GRG for each experimental trial is manipulated by including the weightage of the principal component with a larger eigenvalue. The average value of GRGs concerning the three responses is used to reflect the performance of the three responses as a single entity and is called Common Grey Relational Grade (CGRG), further, it is referred to as Multi Response Performance Indicator (MRPI). The main effect plot and ANOVA analysis are conducted for each machining response. Table 11 shows the computed GRG values and corresponding MRPI with ranking. The experimental trial number corresponding to the largest value of MRPI is known to be an optimal set of experiments to showcase the best performance of end milling operation.

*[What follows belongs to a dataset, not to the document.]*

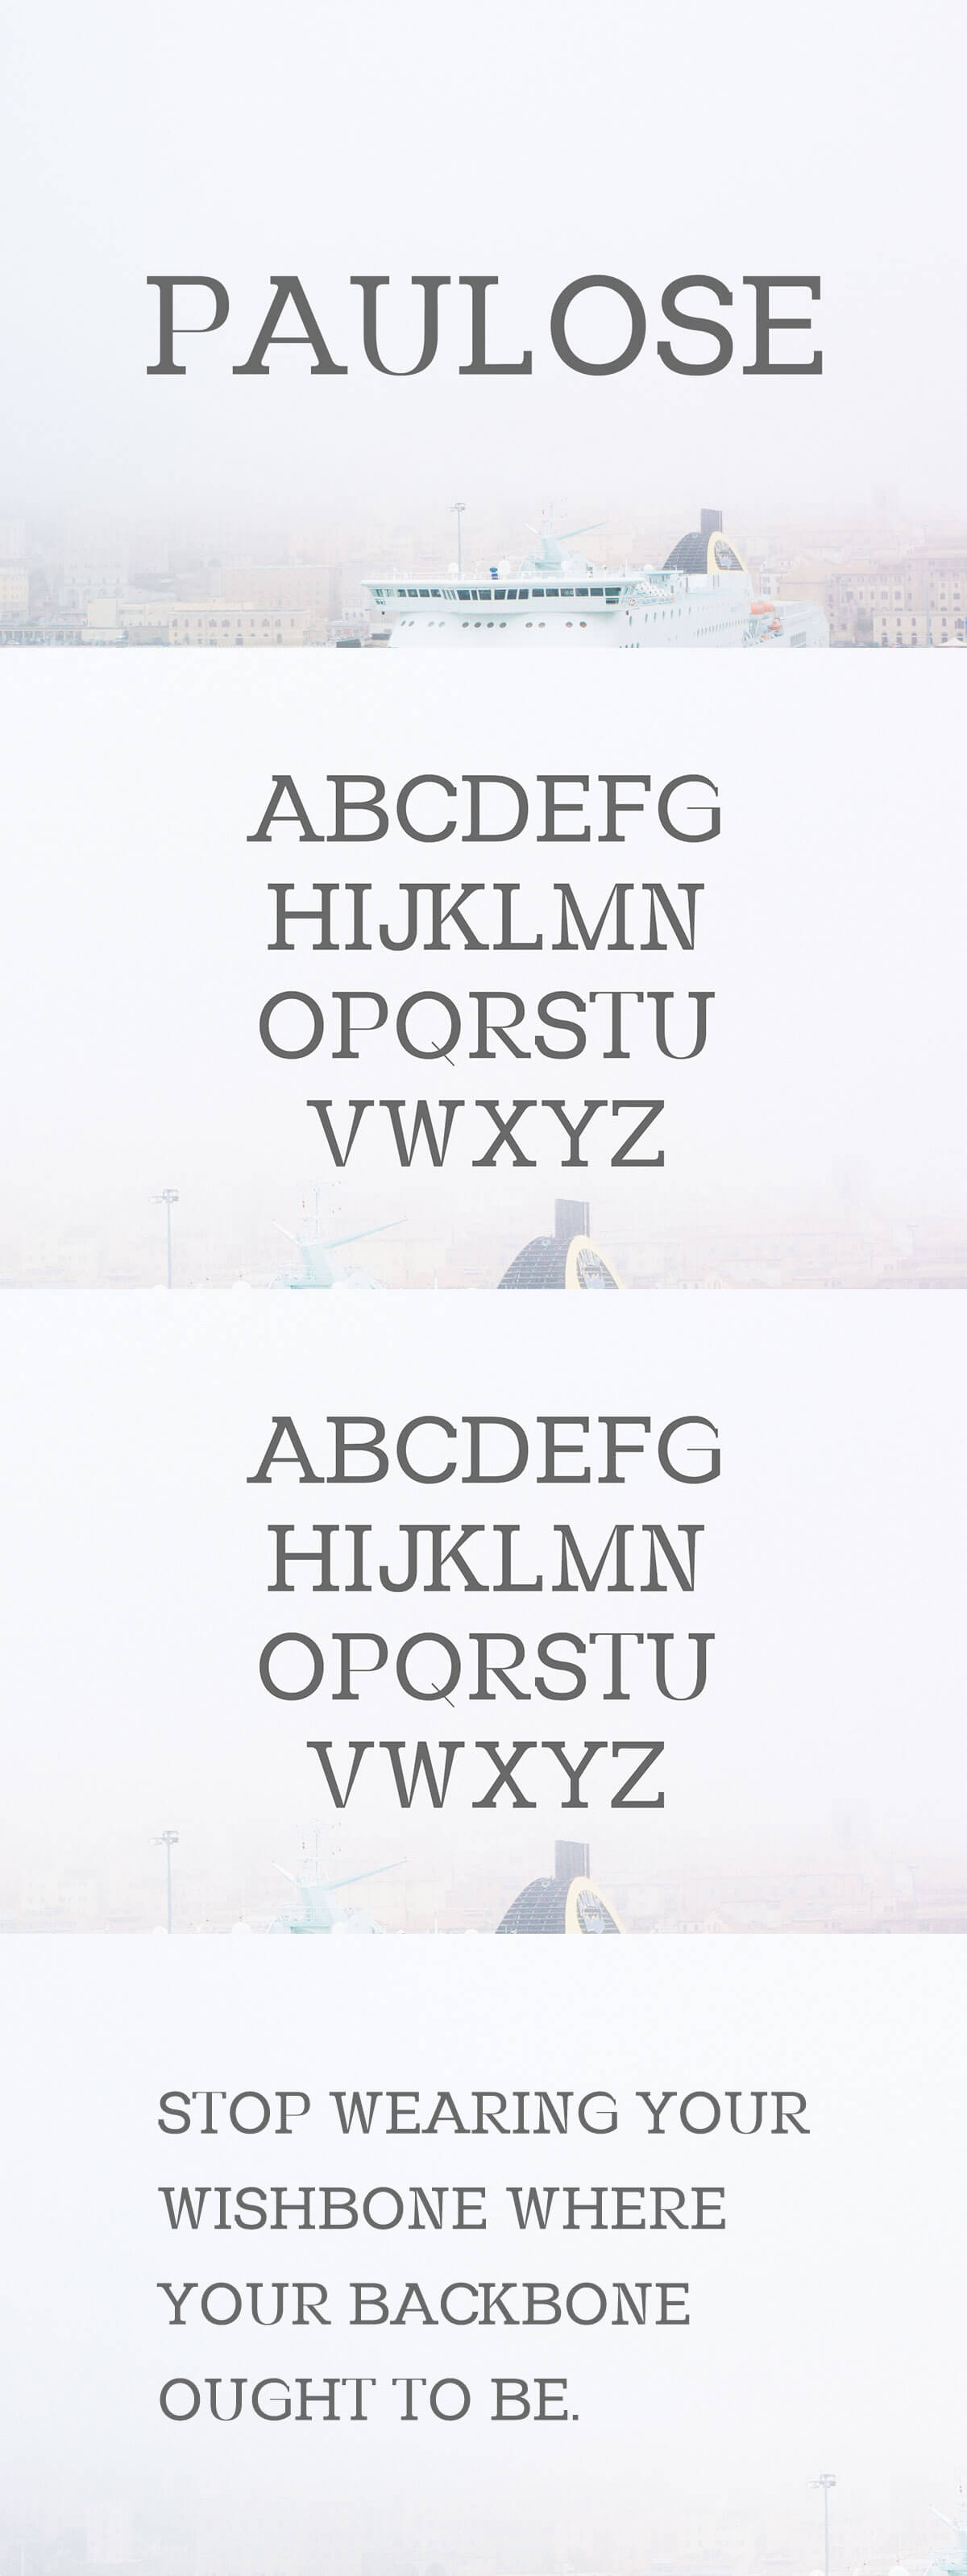 Free Paulose Modern Serif Font

The main effect plot depicted in Fig. 5, manifests the ideal level of machining parameters including the type of machining fluid necessary to achieve the best performance characteristic of all the machining responses considered. A 650-rpm cutting speed, 132 mm/min feed rate and 1.5 mm depth of cut associated with 0.5% nMoS2 infused 60% Avocado oil are derived from the rigorous statistical modelling to yield the best performance of machining objectives, and in turn, found to be an optimal set of parameters.
The ANOVA is executed for each machining response since the impact of each parameter on the different machining responses is discrete. Tables 12 and 13, and 14 show the ANOVA for MRR, SR and TWR respectively. The proposed mathematical model seems to be adequate and accurate as the values of R2 and R2 adj are nearly more than 90% for all the machining responses.
The results obtained through this ANOVA endorse the importance of the implementation of nMoS2 infused Avocado oil machining fluid to mitigate the performance characteristics of machining objectives to the higher end. The two machining responses namely surface roughness and tool wear rate are significantly influenced by the machining fluid followed by the depth of cut. The percentage of contribution in mitigating the surface roughness and tool wear rate by the machining fluid is declared to be 96.92 and 67% respectively. The third machining objective, the metal removal rate, is driven by the depth of cut and feed rate, leaving the least significance for the machining fluid. The ranks of influence of each parameter on each objective are given in Table 15.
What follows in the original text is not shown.